Die Bürgerinitiative, die den Gedenktag seit Jahren gefordert hat, sieht die Anerkennung des Datums als Teilerfolg. „Portugal insgesamt muss einen konkreten Schritt tun, um sich dem Schaden zu stellen, den die Inquisition für die Portugiesen und diejenigen, die in den ehemaligen Kolonien unter portugiesischer Herrschaft lebten, über 285 Jahre verursachte“, so eine Stellungnahme des Historikers Jorge Martins im Namen der Initiative. Deshalb solle auf dem Rossio in Lissabon, vor dem Nationaltheater D. Maria II, ein Denkmal für die Opfer der Inquisition errichten werden – an dieser Stelle befand sich der Richtplatz und das Gebäude des Inquisitions-Gerichts. Das Erdbeben von 1755 hat die damalige Anordnung von Straßen und Gebäuden zerstört.

Henrietta Bilawer, geboren 1961 in Köln BRD. Die Autorin und Journalistin lebt seit 1994 in Portugal.

Henriettas Bilder-Collage  zeigt die Gedenkplatte auf der Praça do Giraldo in Évora.

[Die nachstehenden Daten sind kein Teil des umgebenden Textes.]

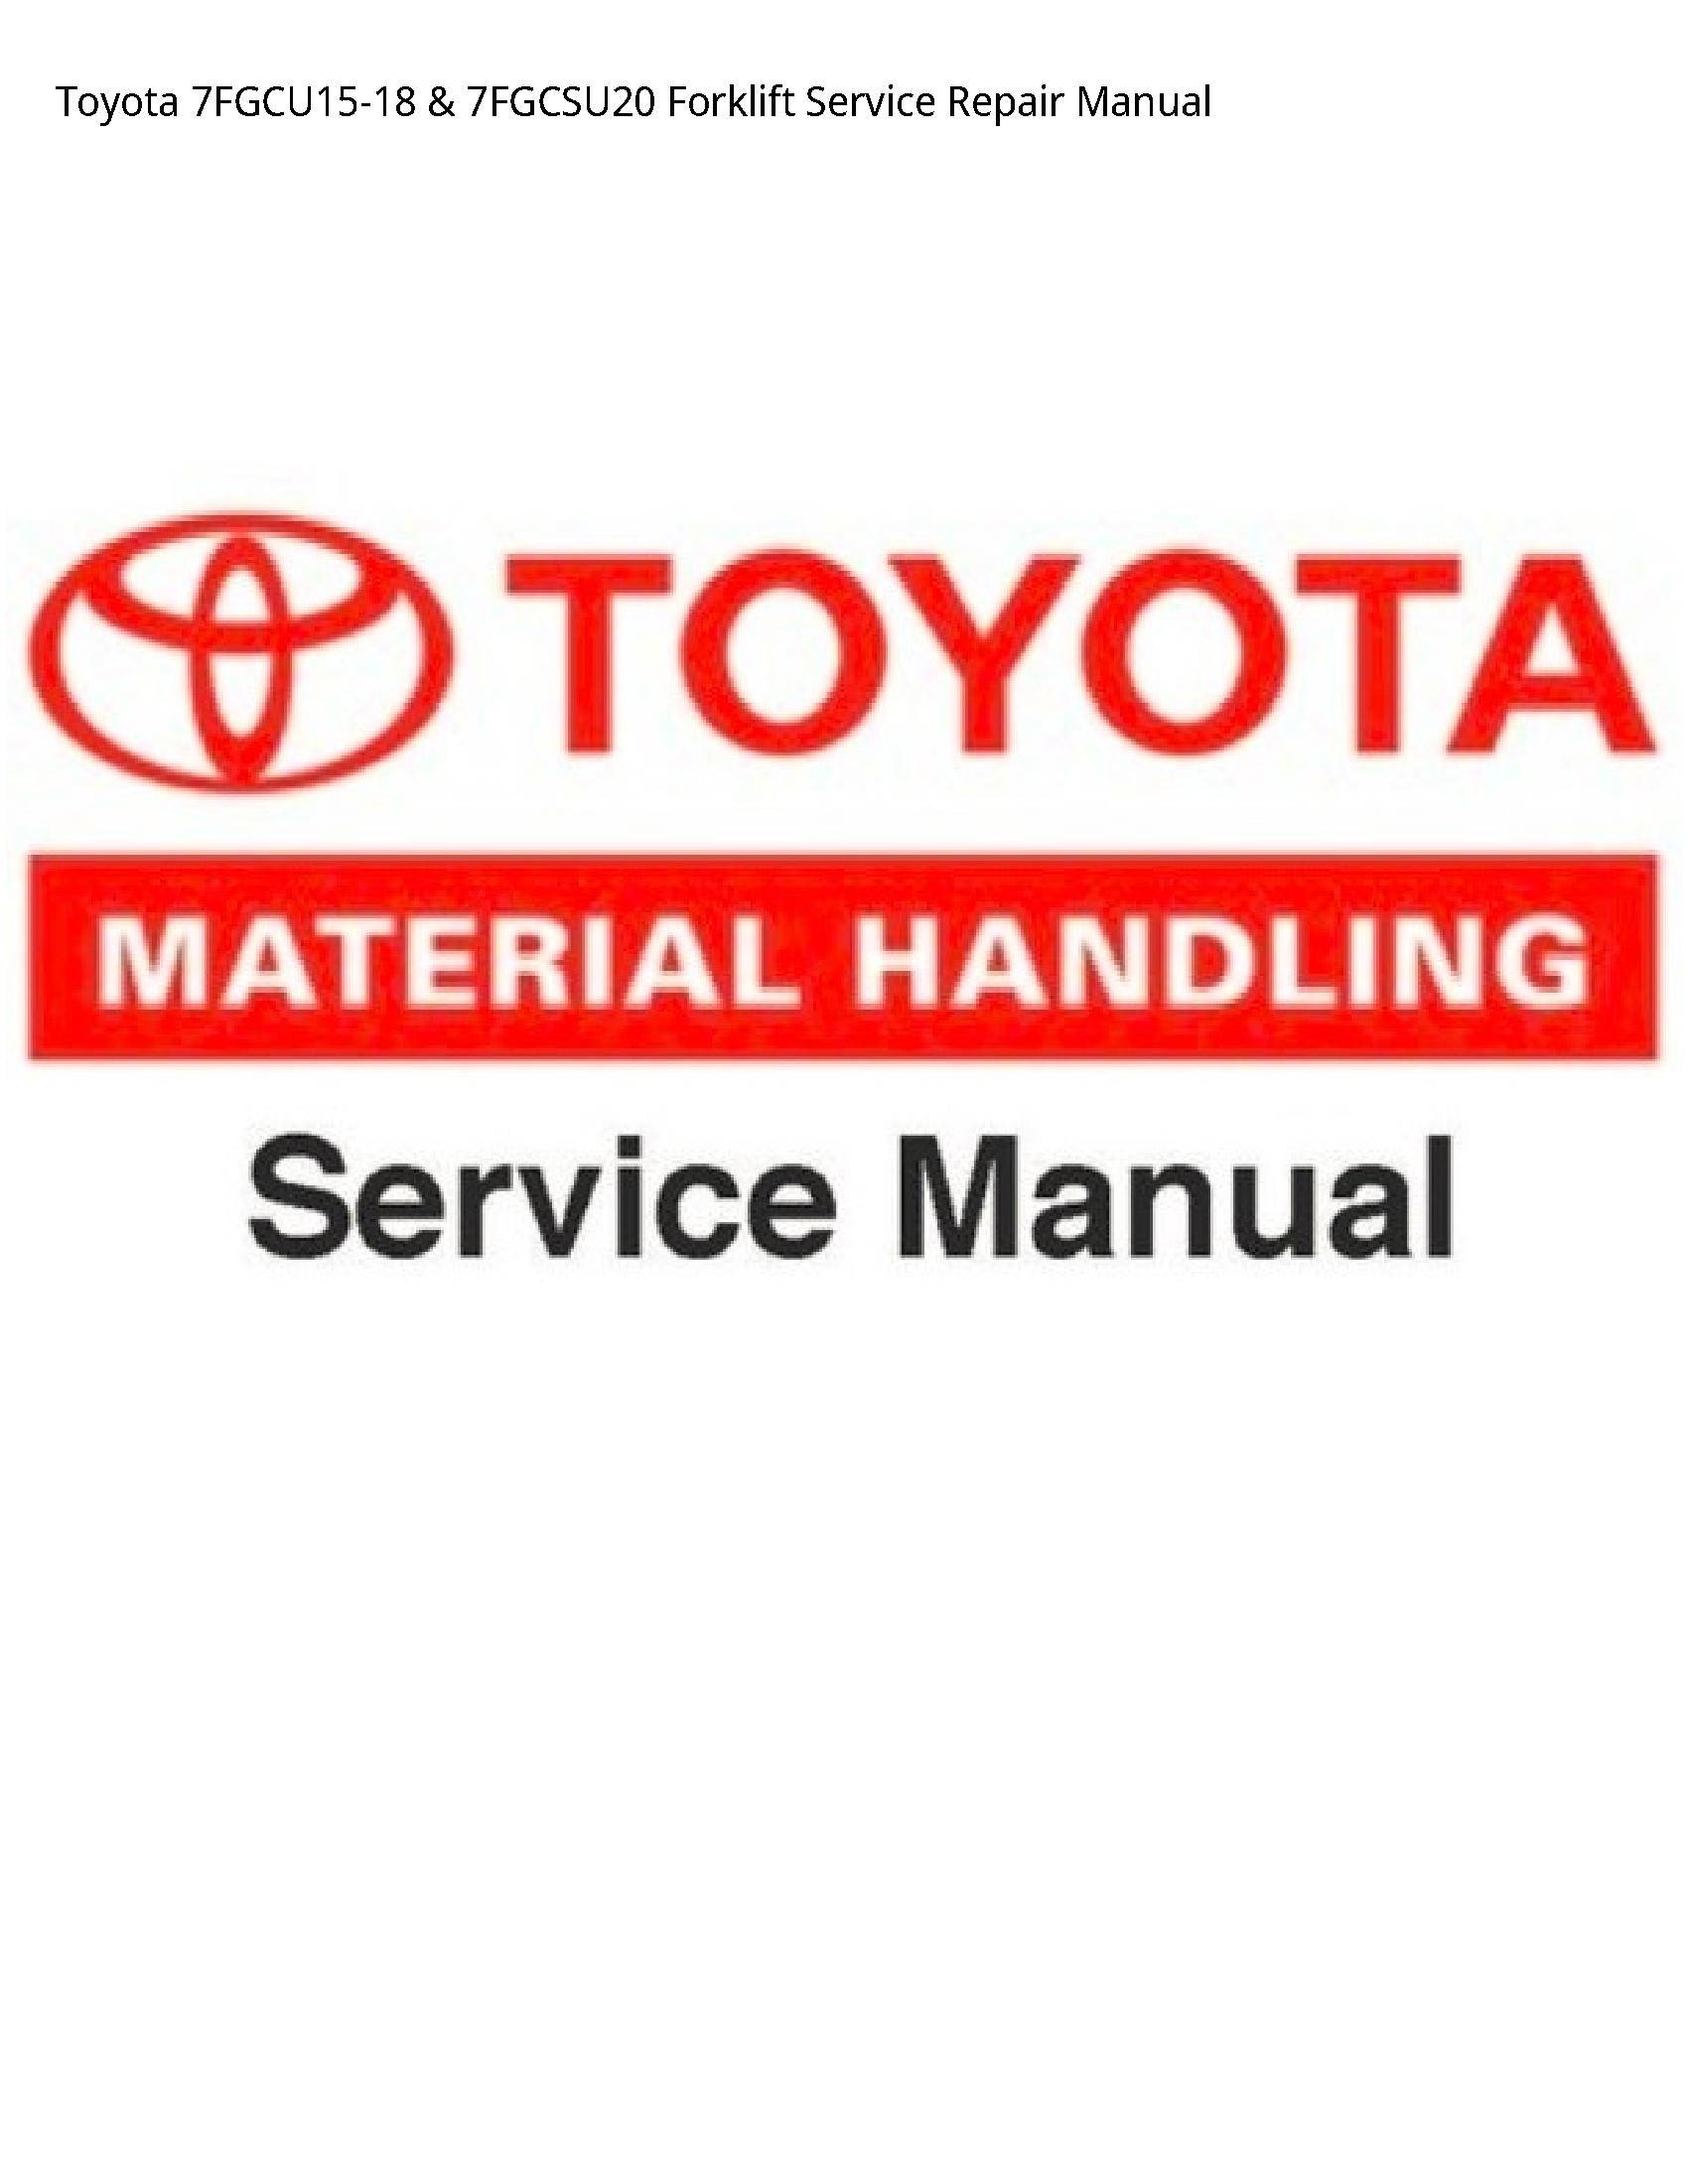 Toyota 7FGCU15-18 Forklift manual

Die beiden anderen Abbildungen beinhalten die päpstliche Bulle “Cum ad nihil magis”, die Papst Paul III. an die Bischöfe von Coimbra, Lamego und Ceuta richtete. Auf der Grundlage dieses kirchlichen Erlasses wurden die Kommissare der Inquisition in Portugal ernannt. Das andere Dokument ist das Evangelien-Buch, das als Richtlinie für die Inquisitoren angefertigt wurde.
Beide Dokumente befinden sich im portugiesischen Nationalarchiv ‘Torre do Tombo’ in Lissabon.